Pregunta

I am working on an a data collector which could be called an API of some sorts, which is based on .Net Core 2.1 . It's job is to receive and pull (ask for) data from data collectors(executable, DLL,service), those can be in any language, but in this case let's stick with C++.

Collector (API) has to be platform independent, hence .NET Core (this is not going to change), while data collectors can be written in any language, run in any way they see fit, be platform dependant, but not limited to how many of them can send data to collector.

This is all local on same machine, possibly between different user accounts and different sessions due to security reasons.

My idea towards implementing this is to create ASP.NET Core web API which would be self hosted through kestrel locally. It's lightweight and does not require a proper server since it will never deal with outside traffic. Can run on Windows, Linux and Mac. Transport between collector and data collectors would be web/http based, which is available from pretty much any language and something that majority of developers known how to maintain.

But is it an overkill? Just to pass messages between processes on same machine, are there any alternatives? I come primary from web development background, so this is quite new to me.

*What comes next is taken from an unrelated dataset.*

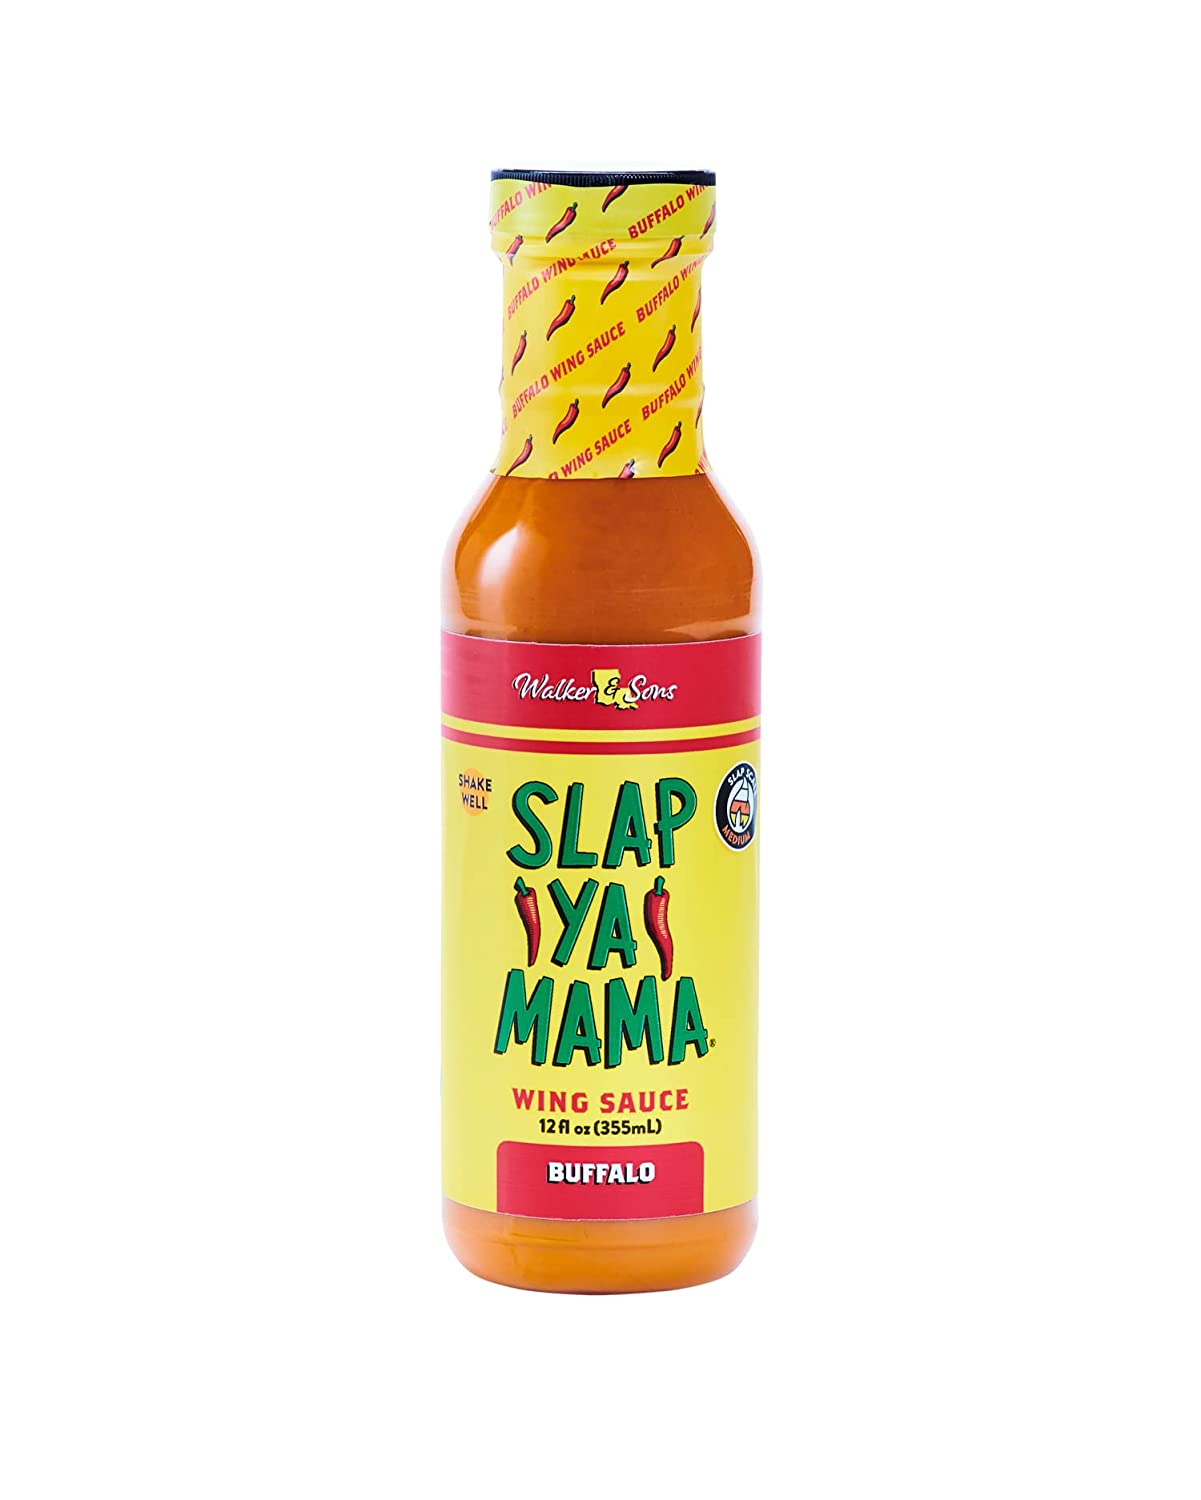 Slap Ya Mama Cajun Buffalo Wing Sauce 12oz (355ml)

In short, I need a Collector C, receive and ask for data from Data Collectors D. This can be through events, subscriptions, message passing, D calling C with data, C processes it. C calls D to ask if there is any data. D calls C with data (can be new call triggered by asking for data). C is platform independent, D can be platform dependant, but must be able to communicate with C. There can be many D, in C++, Java, C#, running in Windows, Linux, Mac. Collector C is alone, always same, can only receive and ask for data and is platform independent.

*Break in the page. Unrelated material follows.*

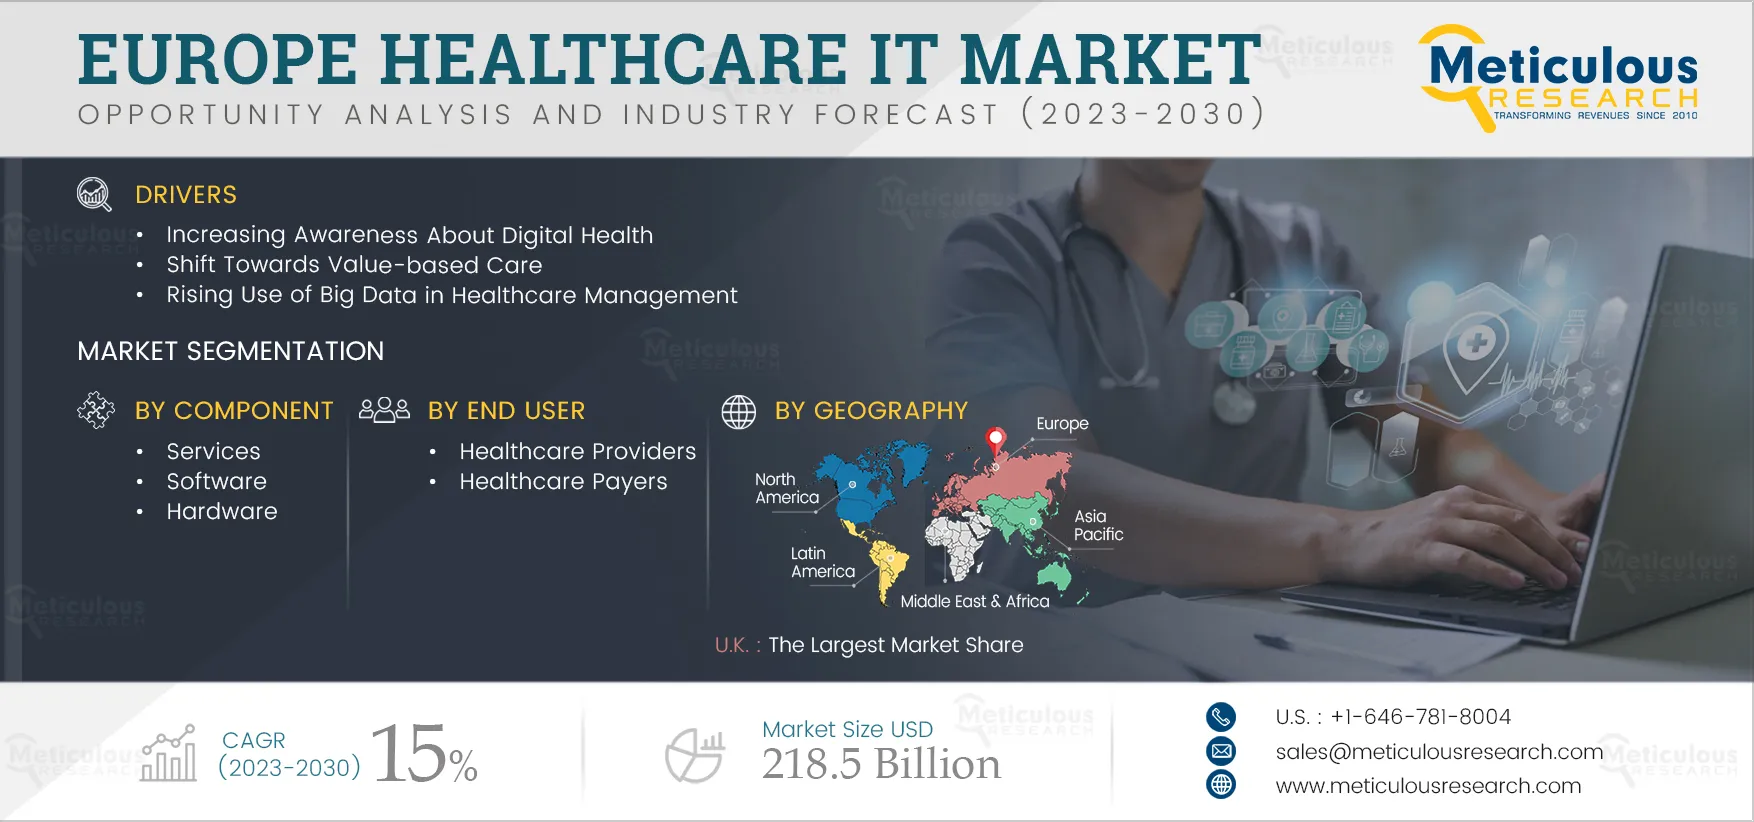 Europe Healthcare IT Market

Are there any messaging frameworks apart from http that can be used to implement this?

¿Fue útil?

Solución

Consider using a message queue (e.g. RabbitMQ). It will provide the following benefits:

  1. A robust message transport. Order of delivery is guaranteed if all messanging is performed in the same queue. Messages are removed from the queue only after they have been fully processed and acknowledged by the consumer app.
  2. Possibility to separate your modules over different machines. E.g. a docker container per module.
  3. If one module goes down, the messages in it's input queue will be persisted for a long period of time (until the queue runs out of the limit of waiting messages). After coming back up again, the module will consume all the message history that it missed.
  4. Backpressure out of the box: if messages come in bursts, sometimes faster then you process them, the message queue will provide a buffer which will not slow down the producer and will not cause consumer to overrun.
  5. Potentially language- and platform-agnostic solution. Just implement the logic of consuming and producing messages of your module for the platform (and also serialization and deserialization, as Sean Burton has mentioned) - and you're good to go.

The downside of it is that you would have another technology in your stack.

Otros consejos

But is it an overkill?

No, it's not necessarily overkill. If you want to transmit data between processes in a portable manner then you definitely should be using a well-defined API and serialisation method. A web interface that uses JSON serialisation is certainly one way of doing this. There are other options, such as using binary serialisation (Protocol Buffers, for example) and transmitting over TCP. Which of these is best for you depends on your requirements, for example a binary protocol is likely to be faster and more efficient (less bytes transferred), so you might want to consider that if you need very high performance.

You could consider using SignalR for asp.net core. It's designed for real time communication via RPC calls. It's not just for web apps.

Create a hub to act as the host and coordinator of calls and several clients that collect the data. It can do everything you mentioned in the last paragraph.